#### [EXTRACTED MATERIAL]
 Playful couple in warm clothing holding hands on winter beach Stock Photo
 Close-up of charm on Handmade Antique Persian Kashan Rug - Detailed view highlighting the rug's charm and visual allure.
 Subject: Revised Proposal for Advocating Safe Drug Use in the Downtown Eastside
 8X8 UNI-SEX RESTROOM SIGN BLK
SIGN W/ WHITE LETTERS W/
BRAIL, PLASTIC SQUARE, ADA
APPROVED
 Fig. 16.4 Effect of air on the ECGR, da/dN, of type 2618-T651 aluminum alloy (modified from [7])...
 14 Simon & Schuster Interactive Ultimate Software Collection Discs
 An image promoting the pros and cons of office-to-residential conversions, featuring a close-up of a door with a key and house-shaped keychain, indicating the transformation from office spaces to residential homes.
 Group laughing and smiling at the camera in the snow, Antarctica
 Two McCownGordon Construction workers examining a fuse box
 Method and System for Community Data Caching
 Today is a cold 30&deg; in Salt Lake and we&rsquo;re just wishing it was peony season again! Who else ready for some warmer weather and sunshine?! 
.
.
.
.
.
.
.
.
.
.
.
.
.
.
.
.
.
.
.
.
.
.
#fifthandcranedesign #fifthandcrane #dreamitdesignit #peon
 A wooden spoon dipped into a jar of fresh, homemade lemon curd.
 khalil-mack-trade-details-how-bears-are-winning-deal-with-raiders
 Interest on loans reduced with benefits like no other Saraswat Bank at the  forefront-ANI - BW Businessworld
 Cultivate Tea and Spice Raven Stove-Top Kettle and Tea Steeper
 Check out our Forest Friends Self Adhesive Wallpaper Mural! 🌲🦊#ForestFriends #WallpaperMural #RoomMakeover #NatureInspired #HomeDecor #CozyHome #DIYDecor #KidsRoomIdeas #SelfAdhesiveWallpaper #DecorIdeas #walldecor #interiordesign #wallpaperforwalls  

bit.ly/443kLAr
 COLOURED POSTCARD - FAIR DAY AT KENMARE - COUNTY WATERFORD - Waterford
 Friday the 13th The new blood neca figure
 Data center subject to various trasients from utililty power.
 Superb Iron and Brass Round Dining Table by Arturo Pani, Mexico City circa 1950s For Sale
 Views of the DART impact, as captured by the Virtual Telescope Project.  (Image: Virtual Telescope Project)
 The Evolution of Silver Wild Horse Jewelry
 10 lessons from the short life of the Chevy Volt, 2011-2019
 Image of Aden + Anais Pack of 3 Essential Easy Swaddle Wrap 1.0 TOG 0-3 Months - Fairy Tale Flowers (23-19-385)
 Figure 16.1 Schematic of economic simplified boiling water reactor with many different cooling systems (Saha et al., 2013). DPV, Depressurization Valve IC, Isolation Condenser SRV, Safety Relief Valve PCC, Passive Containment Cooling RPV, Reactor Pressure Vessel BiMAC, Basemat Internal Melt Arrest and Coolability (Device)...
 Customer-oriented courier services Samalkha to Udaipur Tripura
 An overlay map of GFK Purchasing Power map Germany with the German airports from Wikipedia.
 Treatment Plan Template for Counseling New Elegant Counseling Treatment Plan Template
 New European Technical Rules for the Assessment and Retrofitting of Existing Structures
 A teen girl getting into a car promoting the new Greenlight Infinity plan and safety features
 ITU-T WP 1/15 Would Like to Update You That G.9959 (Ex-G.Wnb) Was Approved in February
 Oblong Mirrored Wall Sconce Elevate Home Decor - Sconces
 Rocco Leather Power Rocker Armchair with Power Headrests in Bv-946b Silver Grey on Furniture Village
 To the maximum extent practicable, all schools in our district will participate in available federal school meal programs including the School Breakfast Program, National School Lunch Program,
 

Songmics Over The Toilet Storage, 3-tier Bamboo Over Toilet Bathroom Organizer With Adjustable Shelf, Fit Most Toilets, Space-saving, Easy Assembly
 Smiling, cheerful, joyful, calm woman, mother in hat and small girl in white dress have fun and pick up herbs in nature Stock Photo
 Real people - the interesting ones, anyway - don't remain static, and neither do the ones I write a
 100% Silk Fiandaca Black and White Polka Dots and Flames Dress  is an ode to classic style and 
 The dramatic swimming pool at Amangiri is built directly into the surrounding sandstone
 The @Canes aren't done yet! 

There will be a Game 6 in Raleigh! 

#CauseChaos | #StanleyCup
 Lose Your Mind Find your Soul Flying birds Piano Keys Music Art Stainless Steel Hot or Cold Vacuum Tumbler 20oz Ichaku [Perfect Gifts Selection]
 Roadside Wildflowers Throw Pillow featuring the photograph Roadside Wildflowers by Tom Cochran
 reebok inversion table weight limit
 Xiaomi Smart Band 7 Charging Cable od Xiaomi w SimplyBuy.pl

#### [YOUR INSTRUCTIONS]
In the entries above, which lines hold the string "Stock"? Report all of them.

#### [RESPONSE TO THIS EXERCISE]
 Playful couple in warm clothing holding hands on winter beach Stock Photo
 Smiling, cheerful, joyful, calm woman, mother in hat and small girl in white dress have fun and pick up herbs in nature Stock Photo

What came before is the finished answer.